Entries supplied:
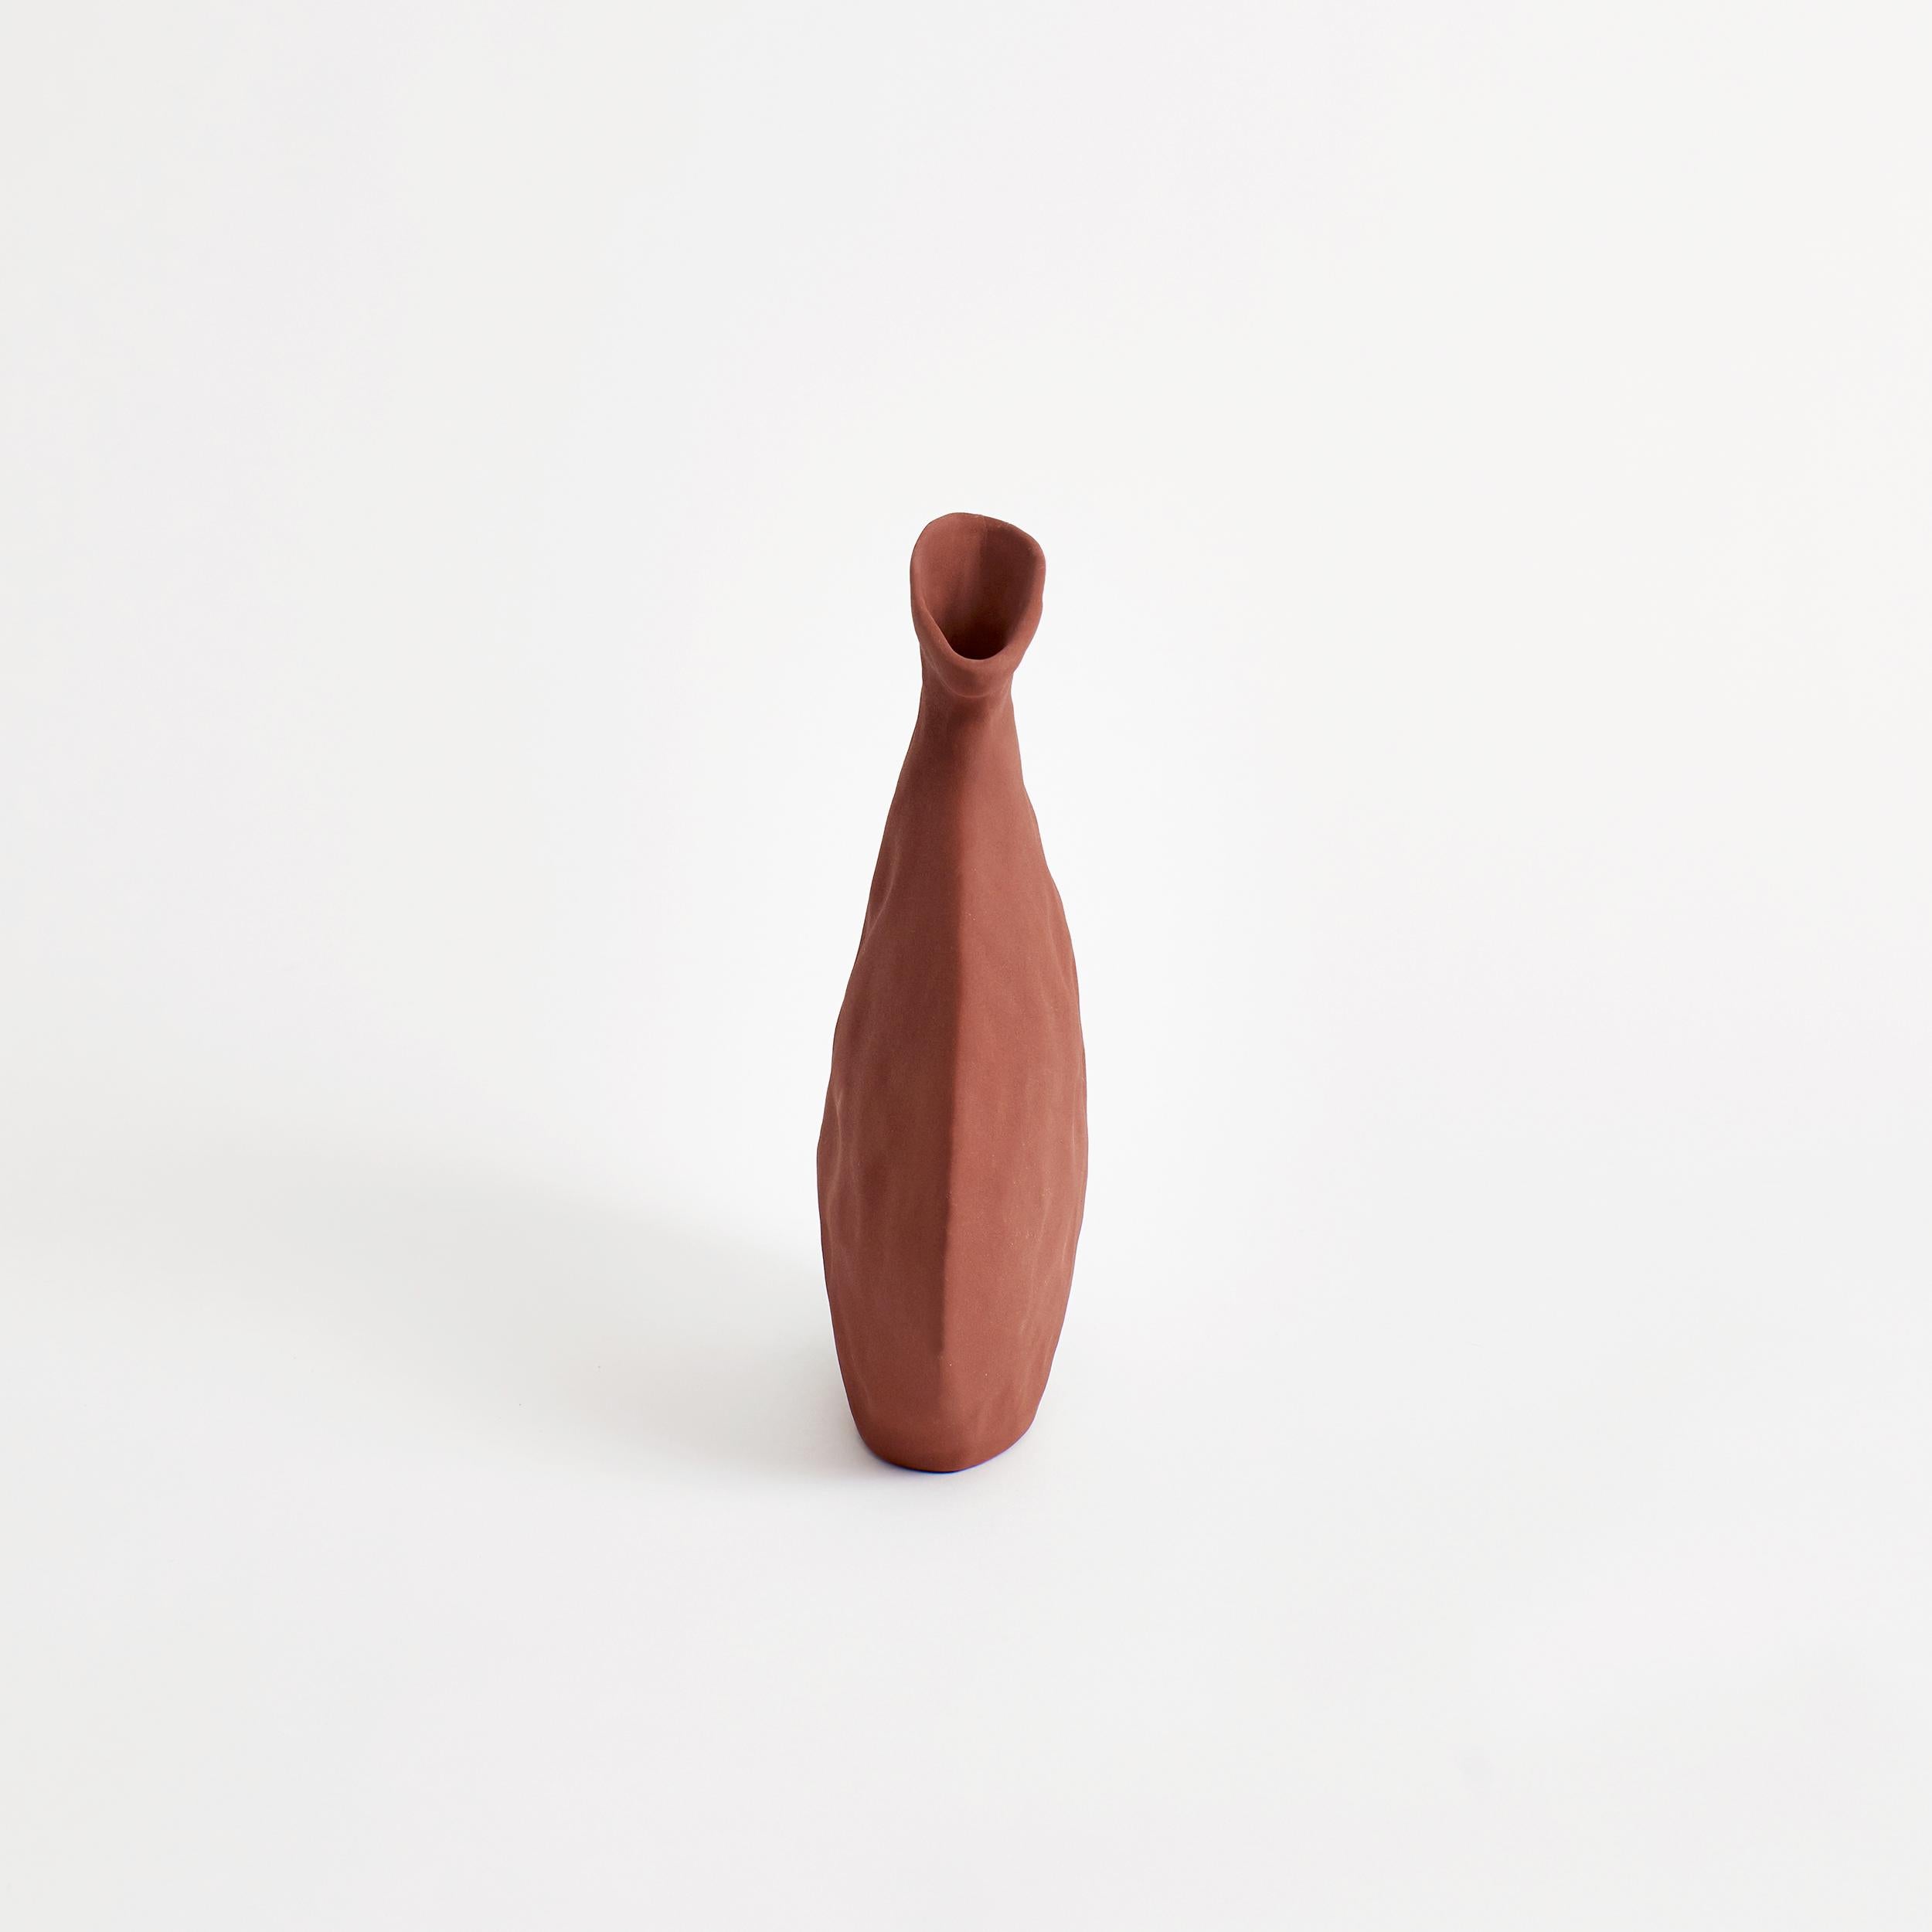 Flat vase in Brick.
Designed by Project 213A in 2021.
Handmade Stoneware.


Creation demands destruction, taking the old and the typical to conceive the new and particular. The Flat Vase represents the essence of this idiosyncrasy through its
--
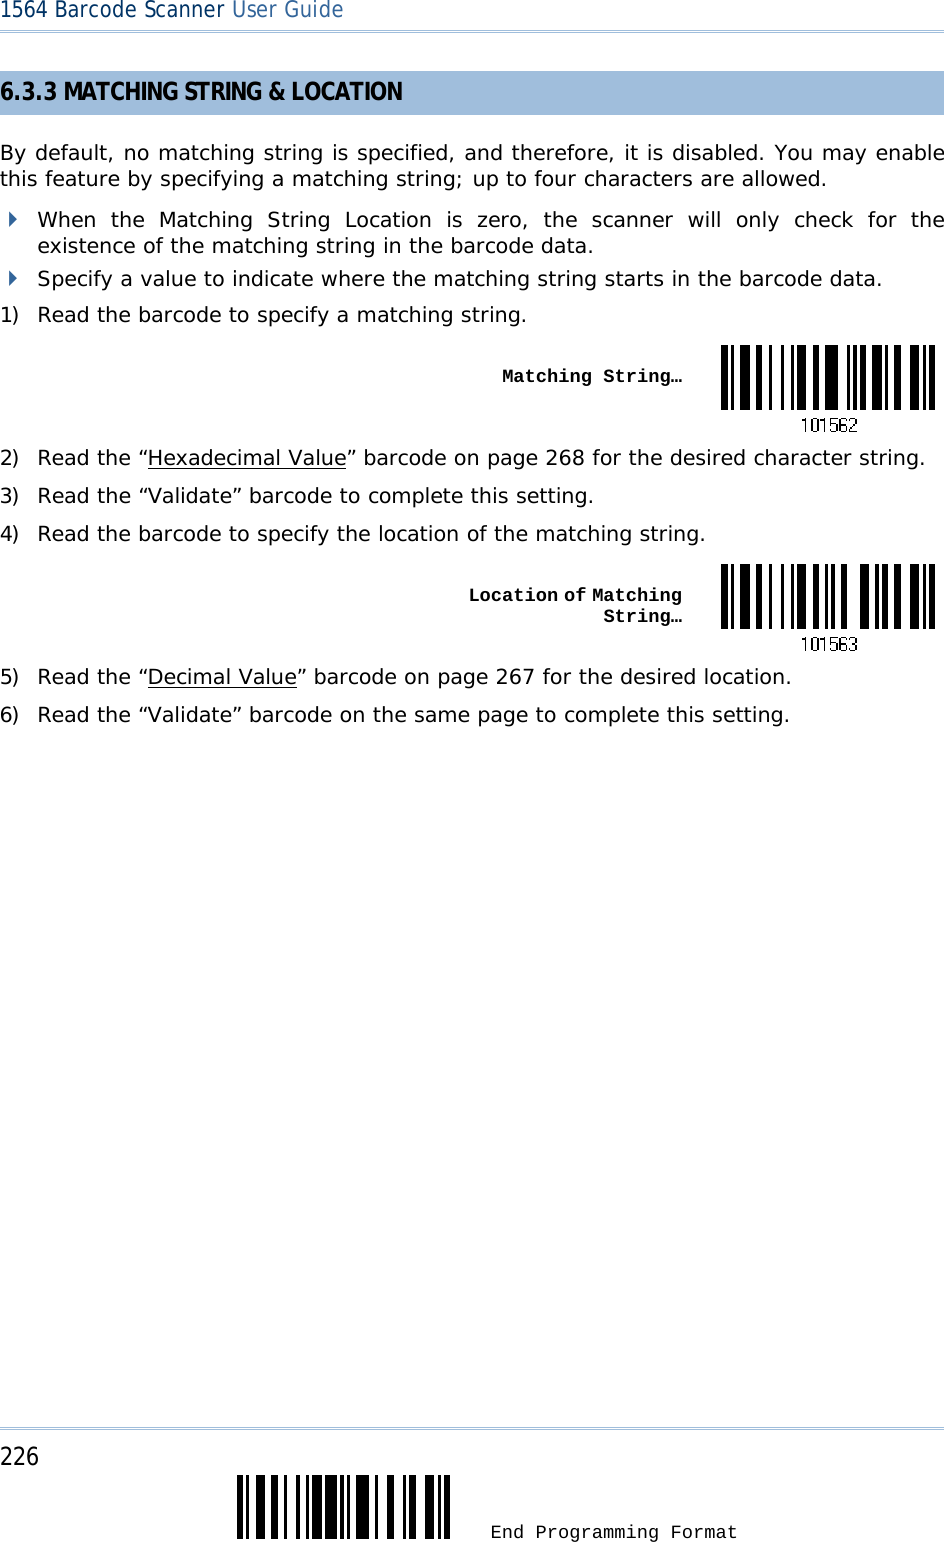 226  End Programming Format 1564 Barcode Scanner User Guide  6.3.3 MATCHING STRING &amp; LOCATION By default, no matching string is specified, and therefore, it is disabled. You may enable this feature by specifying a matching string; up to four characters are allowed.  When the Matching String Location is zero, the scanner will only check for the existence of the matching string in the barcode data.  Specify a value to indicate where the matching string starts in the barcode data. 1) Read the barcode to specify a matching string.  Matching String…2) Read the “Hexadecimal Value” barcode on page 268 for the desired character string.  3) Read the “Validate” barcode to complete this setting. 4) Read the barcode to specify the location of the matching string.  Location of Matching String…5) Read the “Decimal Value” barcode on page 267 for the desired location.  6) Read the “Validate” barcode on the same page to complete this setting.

Prompt: Go to the line above holding "Flat vase in Brick.", then copy exactly each line down to and including the one holding "Creation demands destruction, taking", leaving pictures out.

Result for this exercise:
 Flat vase in Brick.
Designed by Project 213A in 2021.
Handmade Stoneware.


Creation demands destruction, taking the old and the typical to conceive the new and particular. The Flat Vase represents the essence of this idiosyncrasy through its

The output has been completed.